J'ai finalement décidé de partir, pour surprendre son véritable plan : il m'épouserait pour le statut de ma famille, mais garderait Clara comme maîtresse. Je n'ai jamais été son amour ; j'étais un bel outil de luxe pour son ambition.
Le coup de grâce est venu lorsque Clara a mis le feu à ma chambre et m'a fait accuser. Adrien a hurlé que j'étais une psychopathe et m'a laissée brûler vive.
Alors que le toit s'effondrait, un inconnu a défoncé la porte. Il m'a portée hors de l'enfer et a dit : « Je suis Maxime Rousseau. Votre mari. »
Chapitre 1
Le dîner d'anniversaire était parfait, ou du moins, il en avait l'air. Trois ans avec Adrien Dubois, le golden boy de la French Tech, et il avait réservé le restaurant le plus select de la ville, celui avec une liste d'attente de trois mois qu'il avait contournée d'un seul coup de fil. Les verres en cristal étincelaient, les lumières de Paris scintillaient à nos pieds, et Adrien me regardait avec ce sourire possessif que je prenais autrefois pour de l'amour.
Tout était parfait jusqu'à ce qu'une femme apparaisse à notre table.
Elle était belle d'une manière fragile, brisée, ses yeux grands et perdus.
« Adrien ? » murmura-t-elle, la voix tremblante.
Adrien se figea. Le verre de vin dans sa main s'arrêta à mi-chemin de ses lèvres. Je n'avais vu cette expression sur son visage que sur de vieilles photos, le fantôme d'un homme que je n'avais jamais connu.
« Clara ? » souffla-t-il.
Clara Lefèvre. Son amour de lycée. Celle qui lui avait brisé le cœur avant de disparaître cinq ans plus tôt. Il m'avait raconté l'histoire une fois, un récit de passion de jeunesse dramatique qui s'était terminé par son départ pour un homme plus riche, avant qu'elle ne s'évanouisse complètement.
Maintenant, elle était de retour, prétendant avoir eu un terrible accident. Elle disait souffrir d'amnésie, que voir son visage dans un magazine avait déclenché une lueur de souvenir, une bouée de sauvetage désespérée.
Son histoire était un chaos d'hôpitaux et de confusion, mais Adrien buvait chacune de ses paroles. Sa culpabilité était une blessure à vif. Il était devenu un PDG de la tech, un titan de l'industrie, mais à cet instant, il n'était plus qu'un garçon, face à son premier amour et à son premier échec.

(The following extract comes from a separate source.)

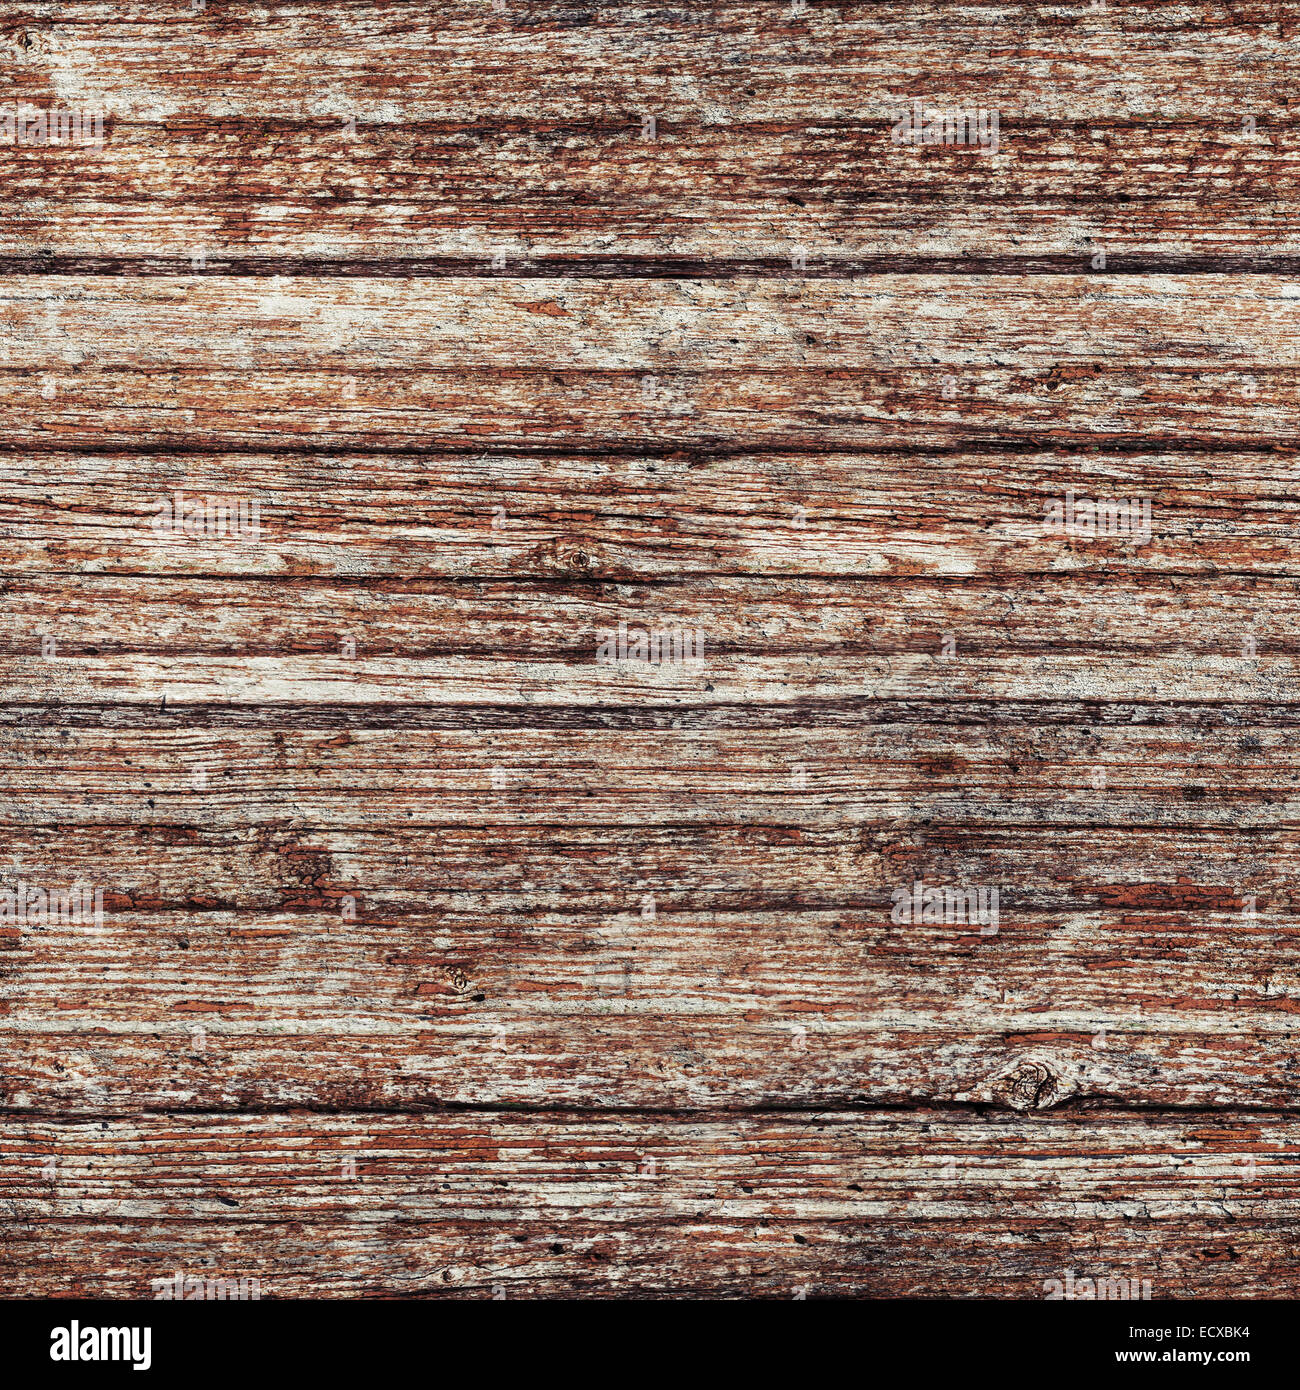 Gris vieja pared de madera con pintura roja dañada, la capa de fondo cuadrada perfecta textura fotográfica Foto de stock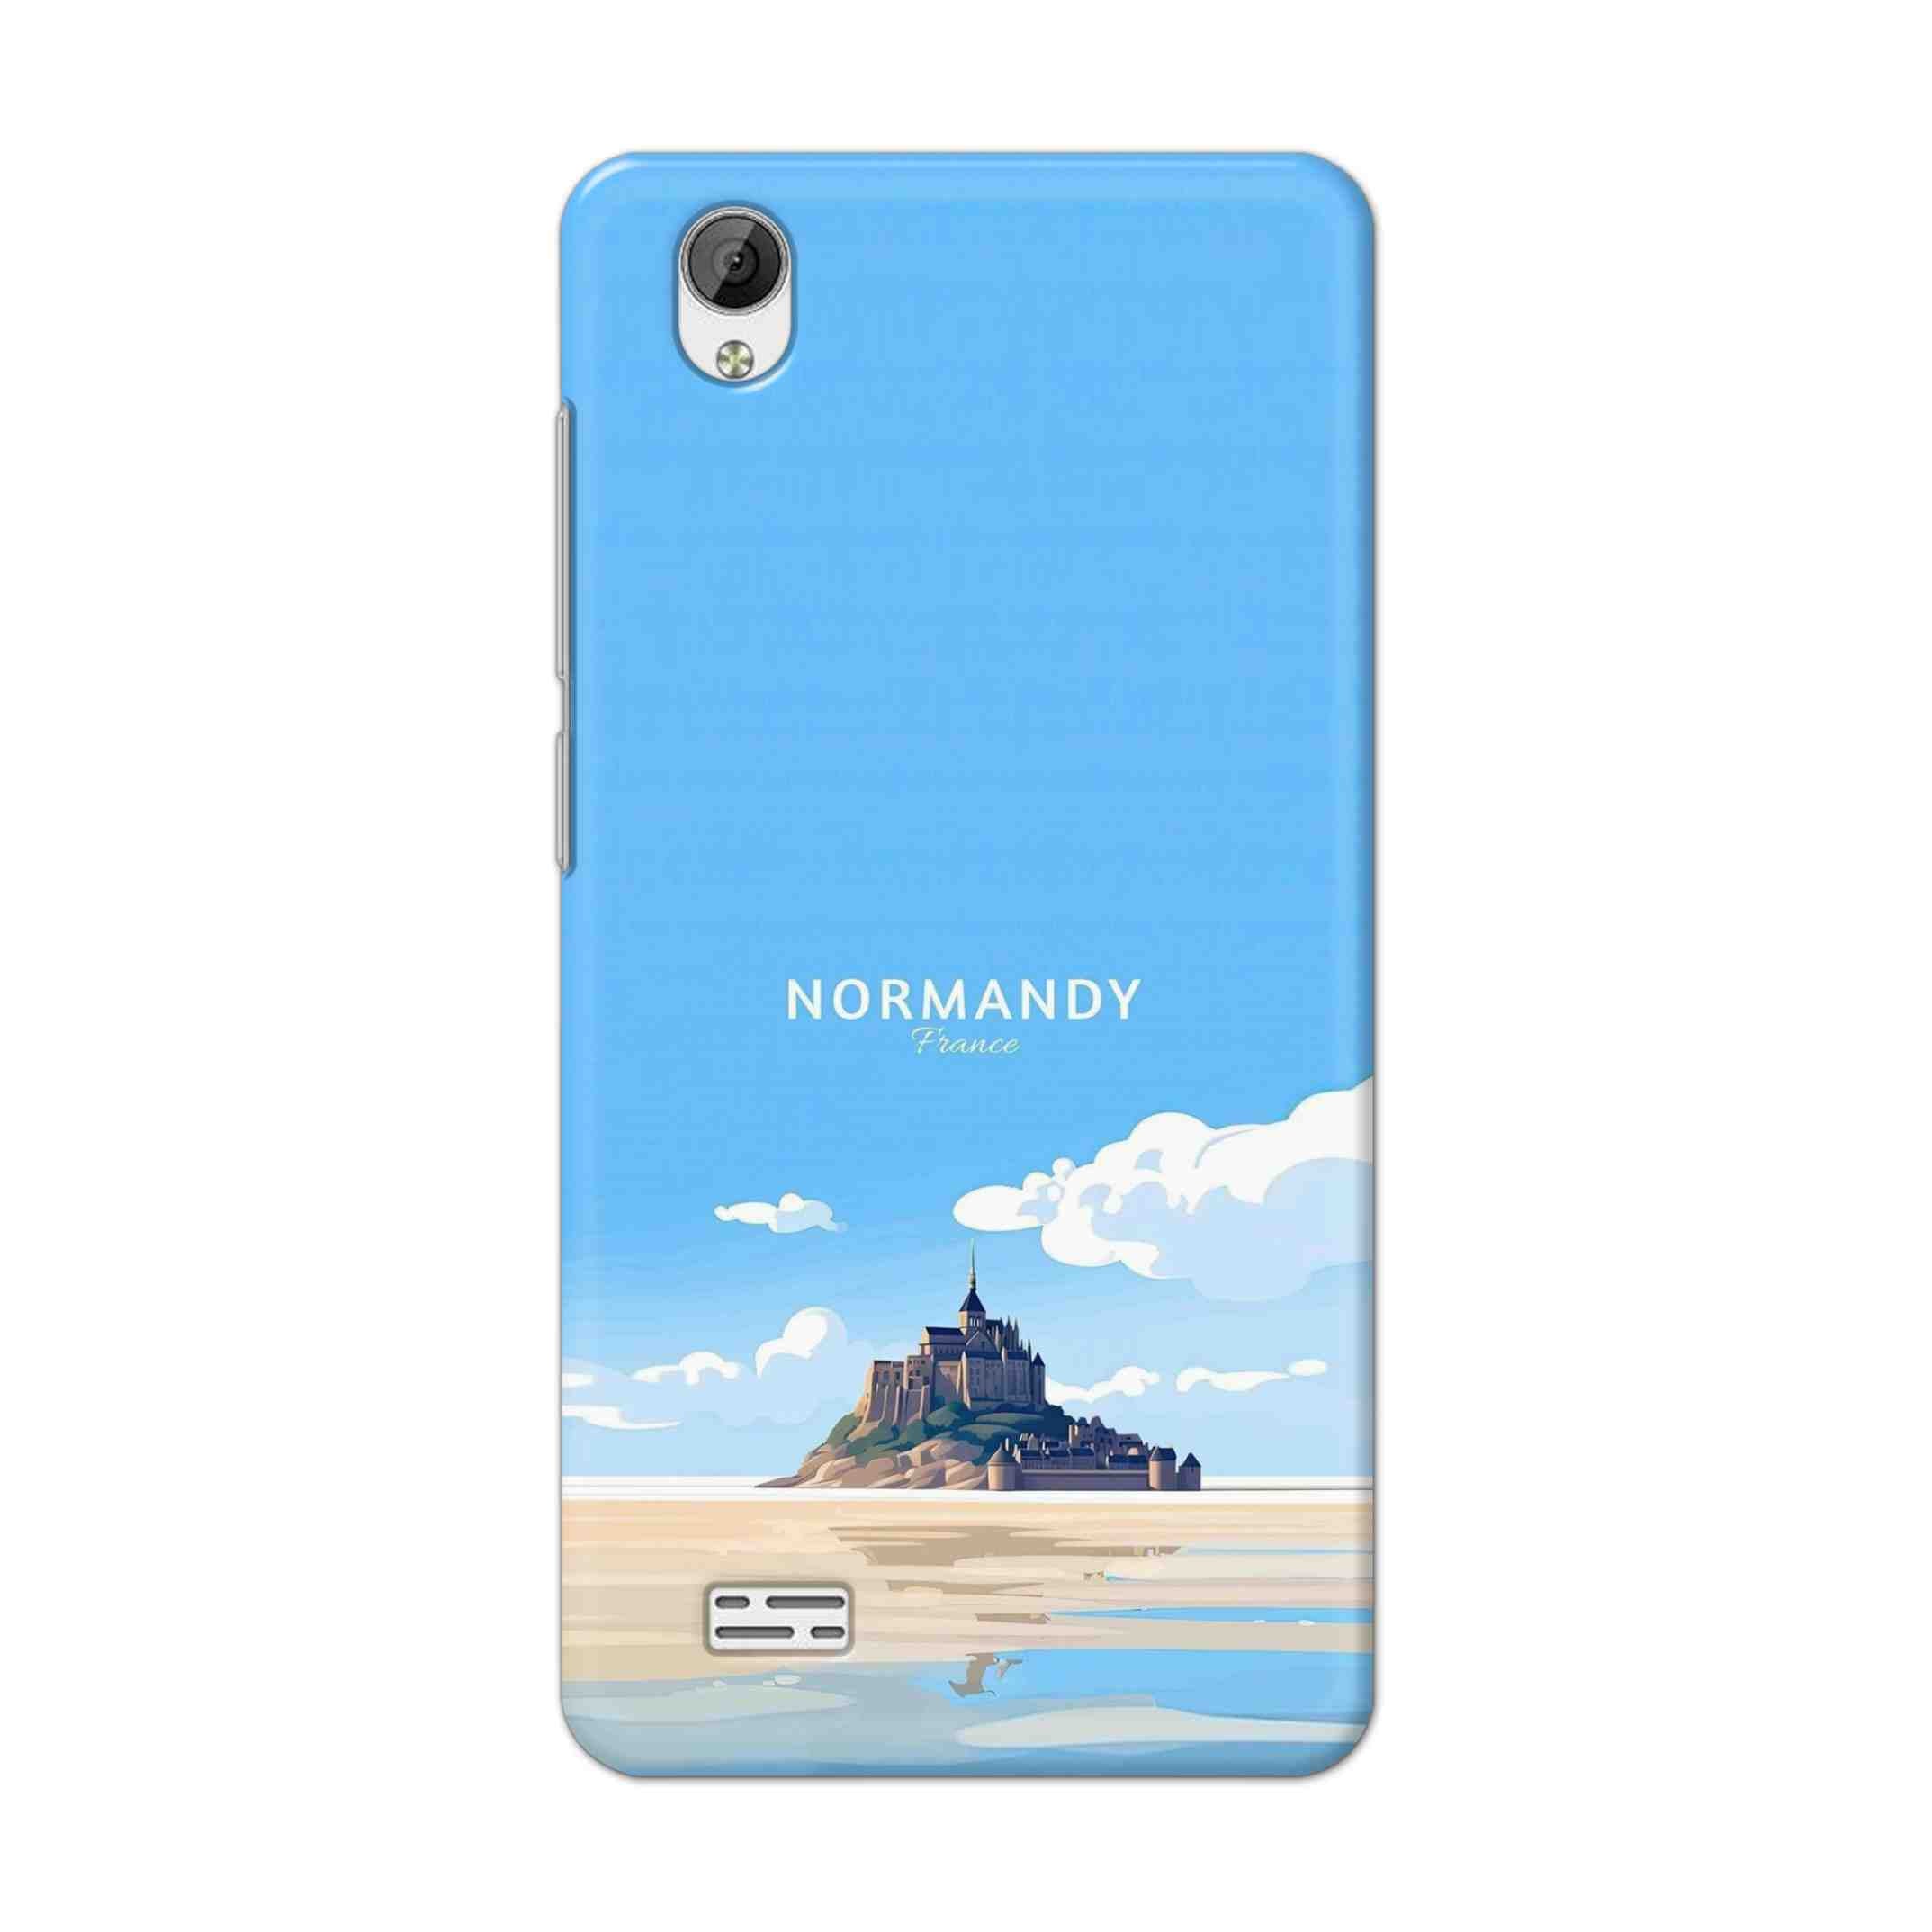 Buy Normandy Hard Back Mobile Phone Case Cover For Vivo Y31 Online

Pour l'aider à « recouvrer ses souvenirs », il a imaginé un plan qui m'a fait l'effet d'un coup de poing dans l'estomac. Ils allaient relever le « Défi des 100 Rendez-vous » viral sur TikTok. C'était censé être une tendance mignonne pour les nouveaux couples, mais pour eux, c'est devenu un spectacle national.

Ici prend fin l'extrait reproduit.